When a car runs over a person’s head, the resulting injuries are among the most severe and devastating a human can endure. This catastrophic event involves an overwhelming application of force to a delicate and central part of the body. The consequences extend beyond immediate localized damage, impacting the body’s fundamental systems.
Understanding the Crushing Force
When a vehicle passes over a human head, immense weight and pressure are directly applied to the cranial structure. The car’s mass and speed combine to exert a rapid, overwhelming impact, causing immediate deformation of the skull, which is not designed to withstand such compressive loads. The brain, suspended within cerebrospinal fluid, experiences both translational and rotational forces. This sudden acceleration and deceleration can cause the brain to impact the inner walls of the skull, leading to bruising and tearing of delicate tissues and blood vessels.
Specific Head and Brain Trauma
The direct crushing force on the head results in various types of skull fractures. These include linear fractures (simple breaks), depressed fractures (bone fragments pushed inward), and compound fractures (break in bone and skin, increasing contamination risk). Basilar fractures occur at the base of the skull, affecting areas around the eyes, ears, nose, or neck. Diastatic fractures cause the widening of skull sutures, often seen in children.
Beyond the skull, the brain suffers extensive damage, including various forms of intracranial hemorrhage, or bleeding within the skull. These manifest as epidural hematomas (bleeding between the dura mater and skull), subdural hematomas (bleeding between the dura mater and brain), or intracerebral hemorrhages (bleeding within brain tissue). Such bleeding causes pressure to build up inside the skull, further compressing brain tissue. Diffuse axonal injury (DAI) is a common and serious consequence, where the brain’s connective nerve fibers (axons) are sheared or torn due to rapid acceleration and deceleration forces. This widespread damage disrupts communication between brain cells, leading to severe neurological impairment.
The brain stem, which controls essential bodily functions, can be severely affected by direct trauma or compression from swelling and bleeding. The face often sustains severe trauma, including fractures of facial bones like the nose, cheekbones, and jaw, along with deep lacerations and eye injuries from impact with vehicle components or debris.

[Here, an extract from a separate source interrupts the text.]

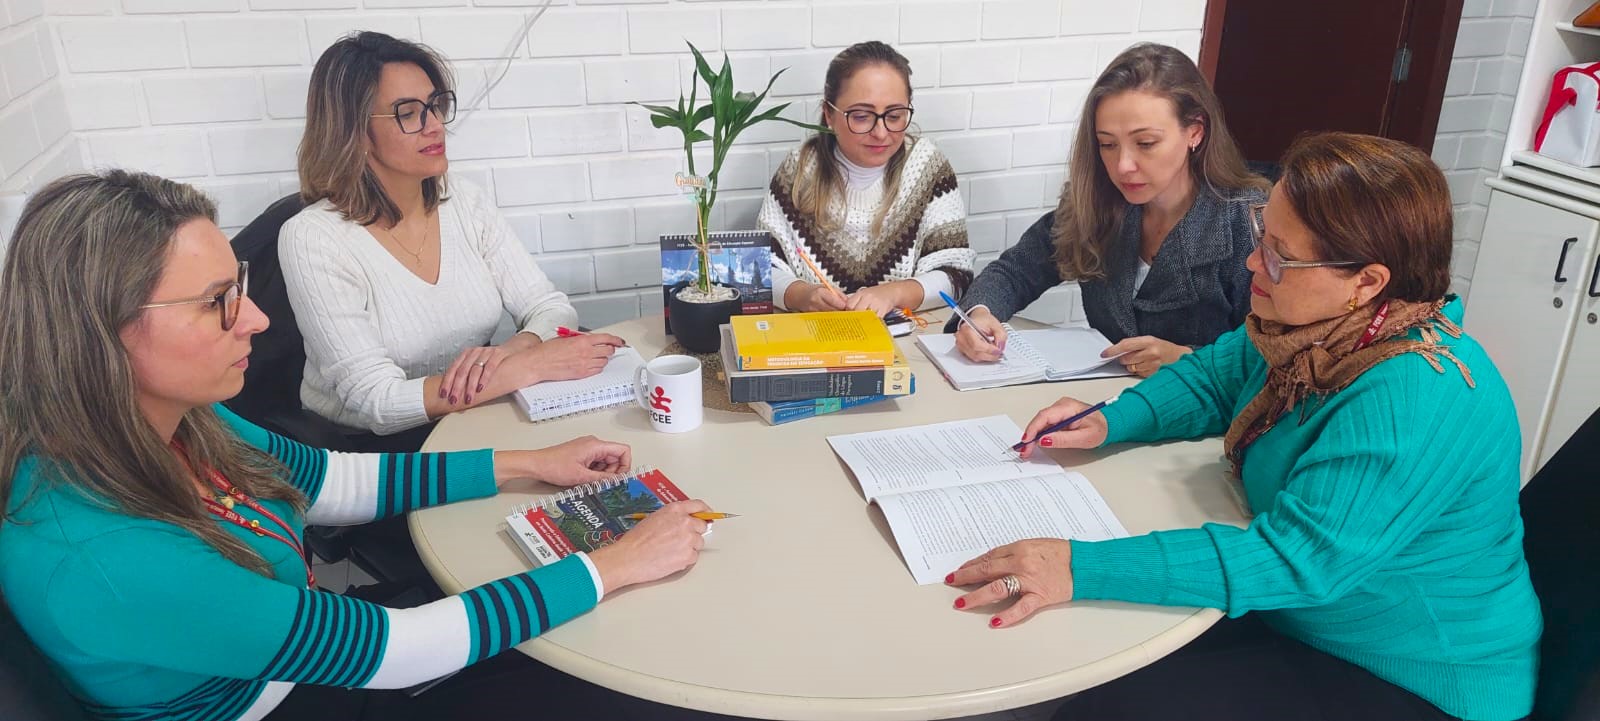 Cinco mulheres brancas sentadas  em torno de uma mesa redonda, em uma sala, trabalham usando livros de pesquisa

The Body’s Systemic Collapse
Beyond localized head trauma, the body experiences rapid systemic collapse following such an injury. Damage to the brain stem, which regulates consciousness, awareness, breathing, and movement, leads to an immediate cessation of these functions. This often results in loss of respiratory drive and cardiac arrest. When blood flow and oxygen supply to the brain are interrupted, brain cells begin to die within minutes, leading to hypoxic-ischemic brain injury.
Extensive damage to the brain and brain stem is irreversible, leading to a profound state of unconsciousness or coma. Survival in such cases is extremely low, with fatalities almost guaranteed, especially at higher impact speeds. Even if basic life signs could be maintained artificially, the brain damage is so severe that functional recovery is not possible. The brain’s inability to regulate its own blood flow and oxygen delivery further compounds the injury at a cellular level, creating a cascade of events leading to widespread cell death.
Emergency Medical Interventions
In scenarios involving a car running over a person’s head, the emergency medical response focuses on immediate assessment and intervention, though the prognosis is often grim. First responders and paramedics prioritize maintaining an open airway, adequate breathing, and supporting circulation, often referred to as the ABCs of trauma care. They assess vital signs and the level of consciousness using tools like the Glasgow Coma Scale. If any signs of life are present, resuscitation attempts, such as CPR, are initiated.
Paramedics work to prevent secondary brain injury by optimizing oxygenation and maintaining stable blood pressure, which can involve administering supplemental oxygen and intravenous fluids. While advanced medical care is provided, including transport to a trauma center, the focus often shifts to confirming the extent of irreversible damage. Medical care in these situations supports vital functions, acknowledging the severe and often unsurvivable outcome.